> What you should do: Your reply should reproduce all the data below exactly while excluding the pictures.

> Data segment:

========================================

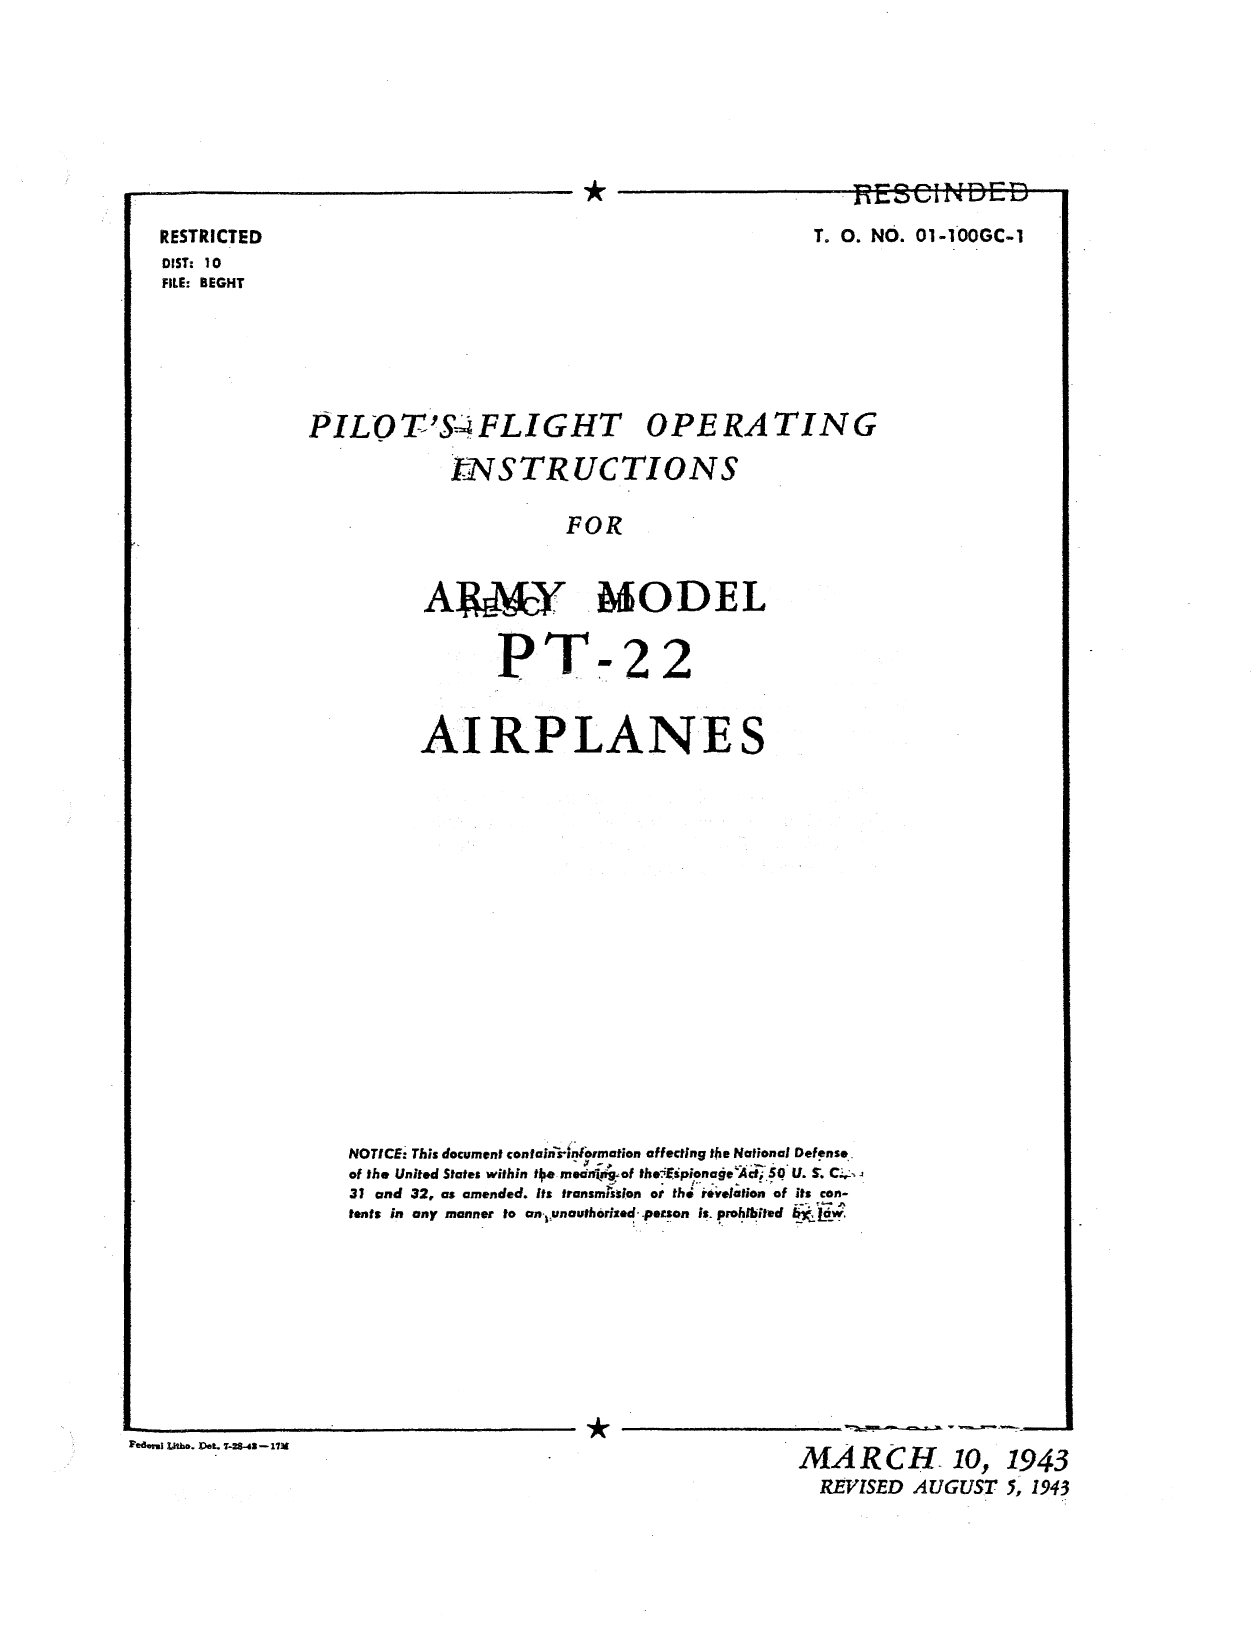 Sample page 1 from AirCorps Library document: Pilot's Flight Operating Instructions - PT-22
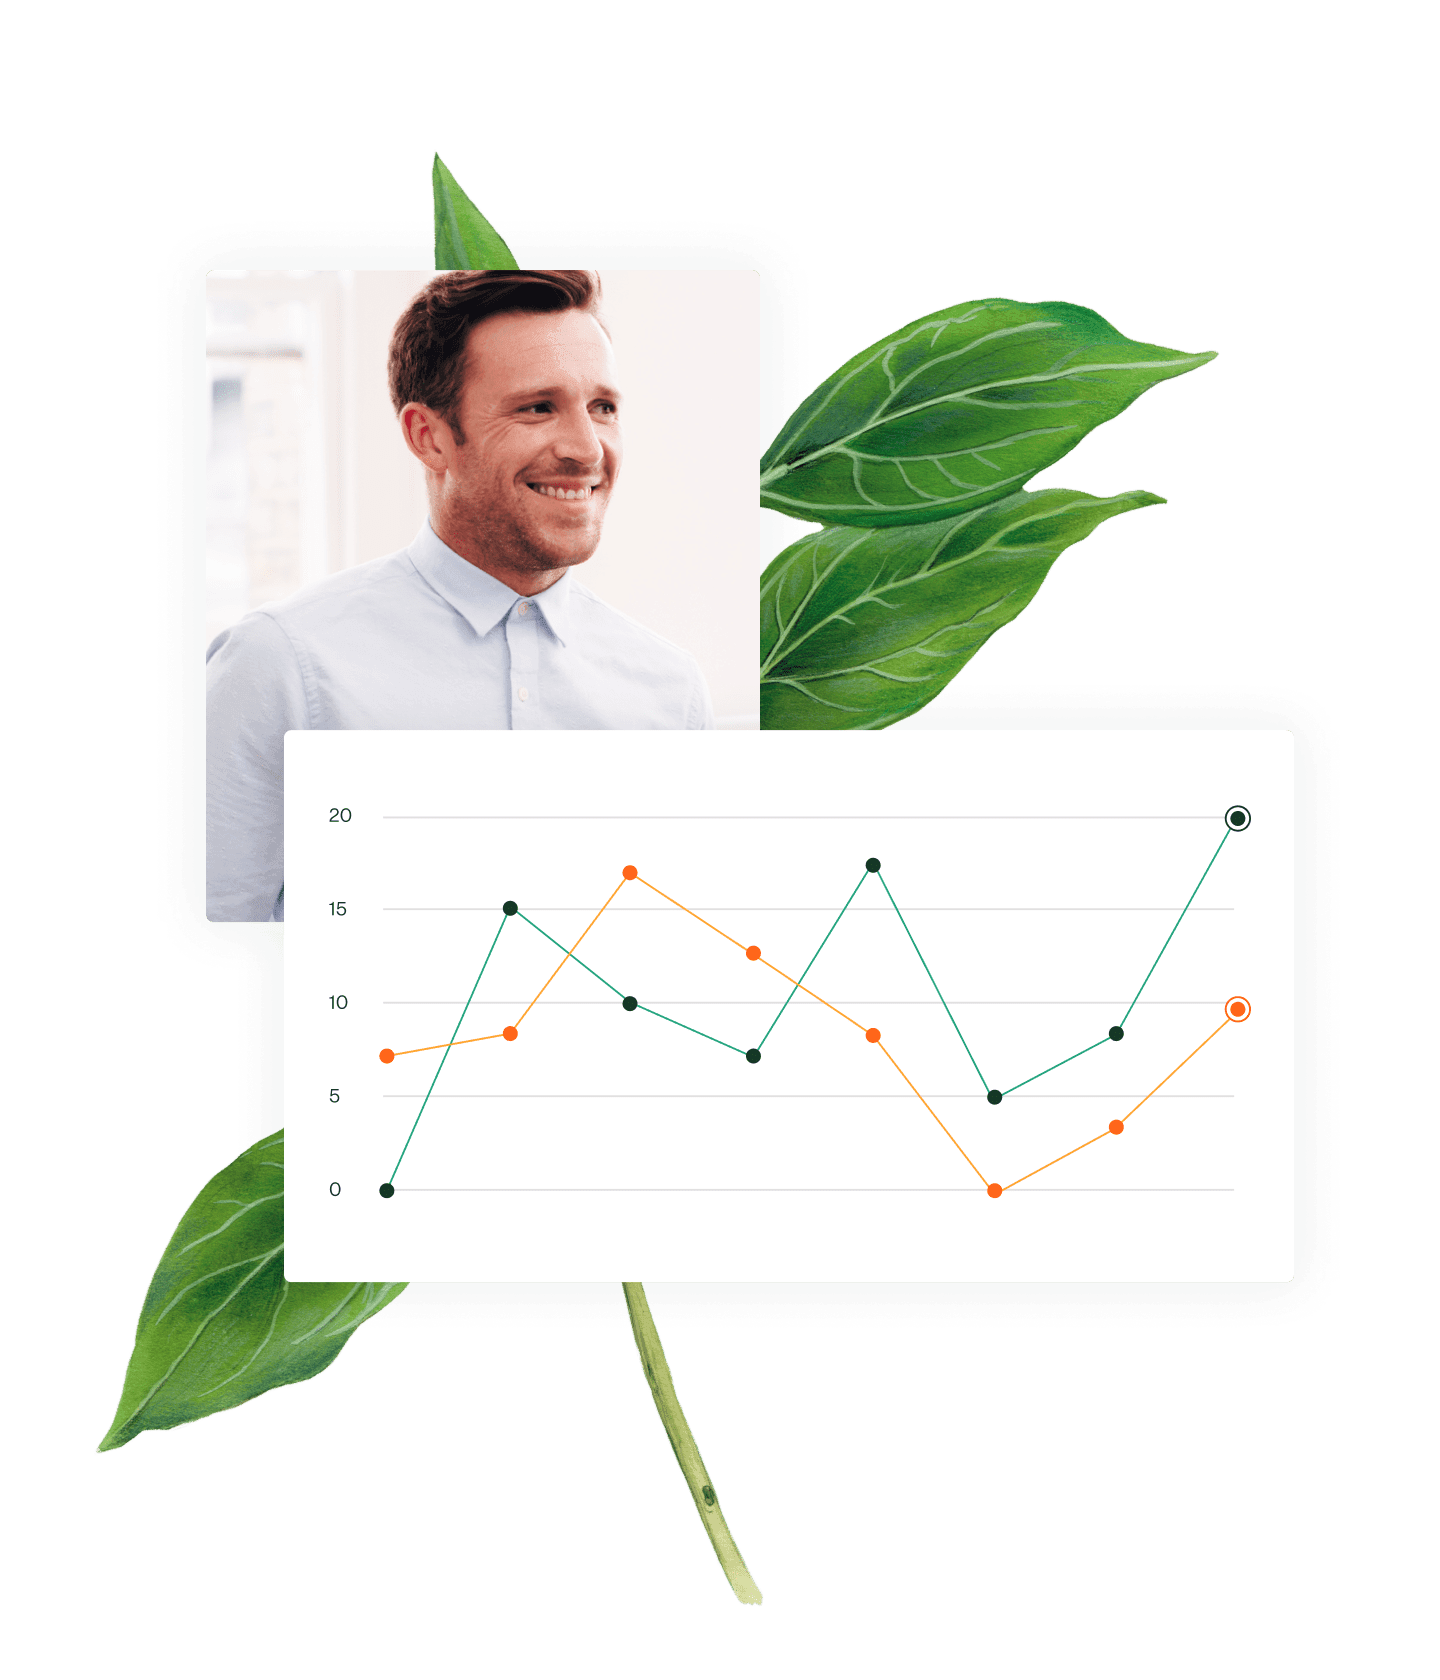 Photo of man and image of line graph
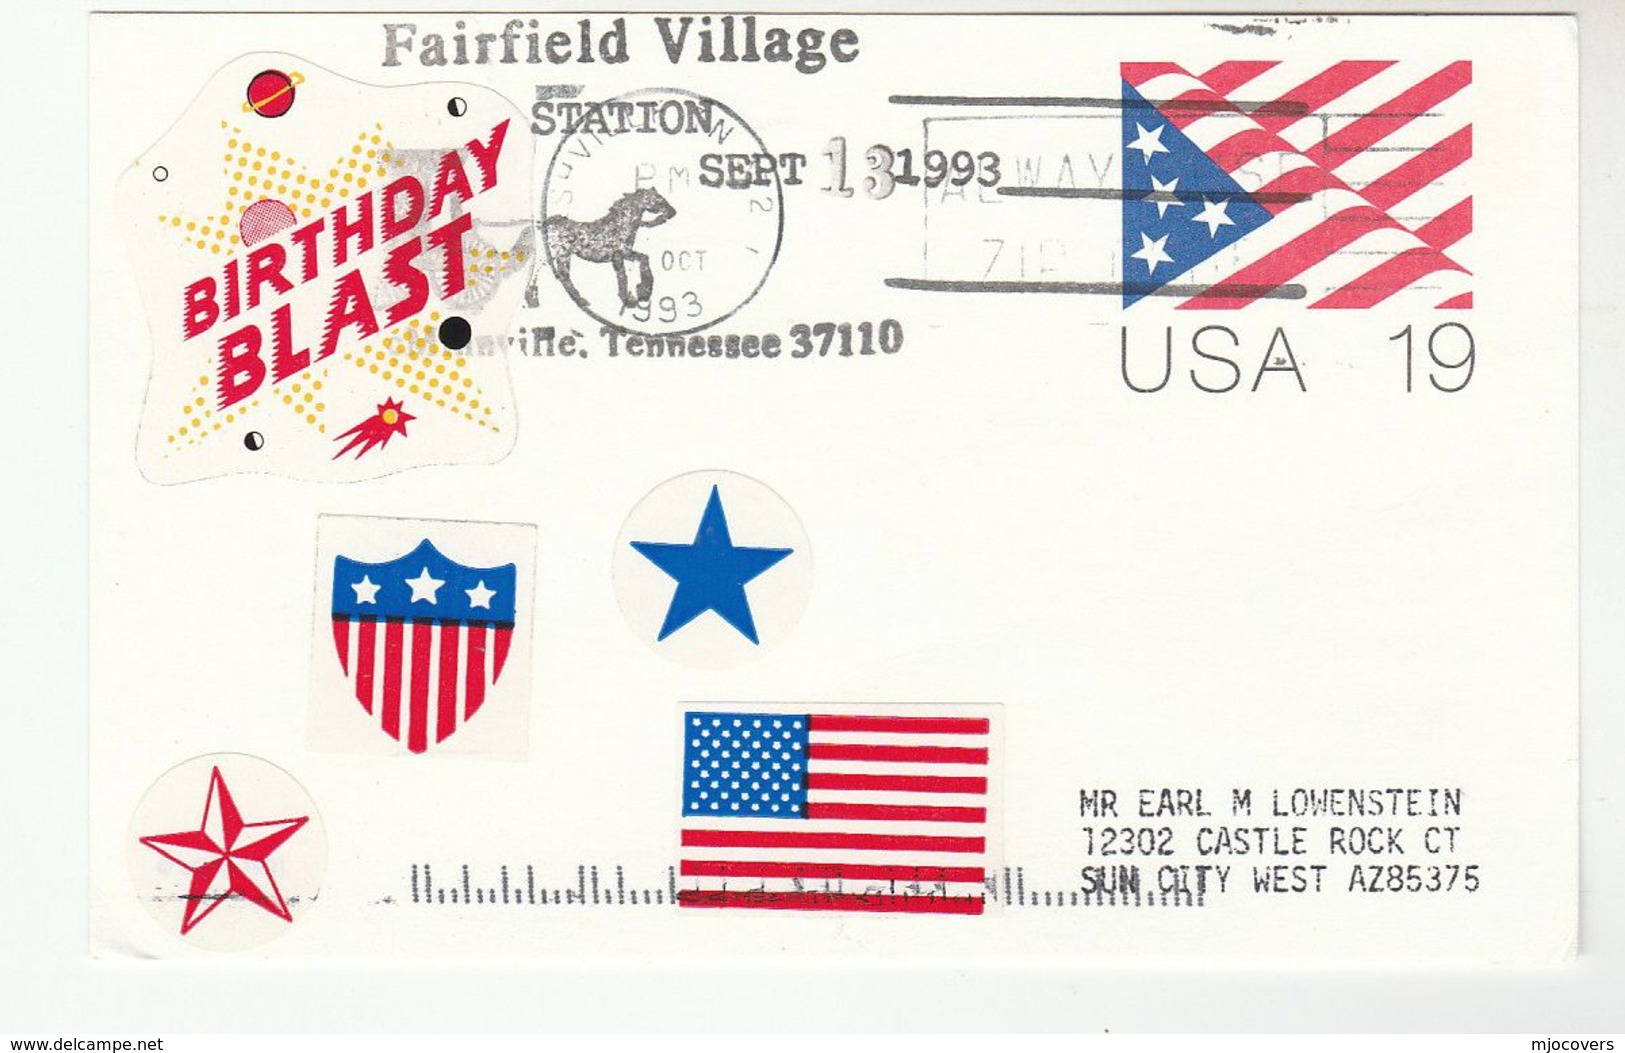 1993 FAIRFIED VILLAGE HORSE EVENT COVER Postal STATIONERY CARD Usa Stamps Horses - Horses

========================================

> Answer to this exercise:
 Sample page 1 from AirCorps Library document: Pilot's Flight Operating Instructions - PT-22
 Photo of man and image of line graph
 1993 FAIRFIED VILLAGE HORSE EVENT COVER Postal STATIONERY CARD Usa Stamps Horses - Horses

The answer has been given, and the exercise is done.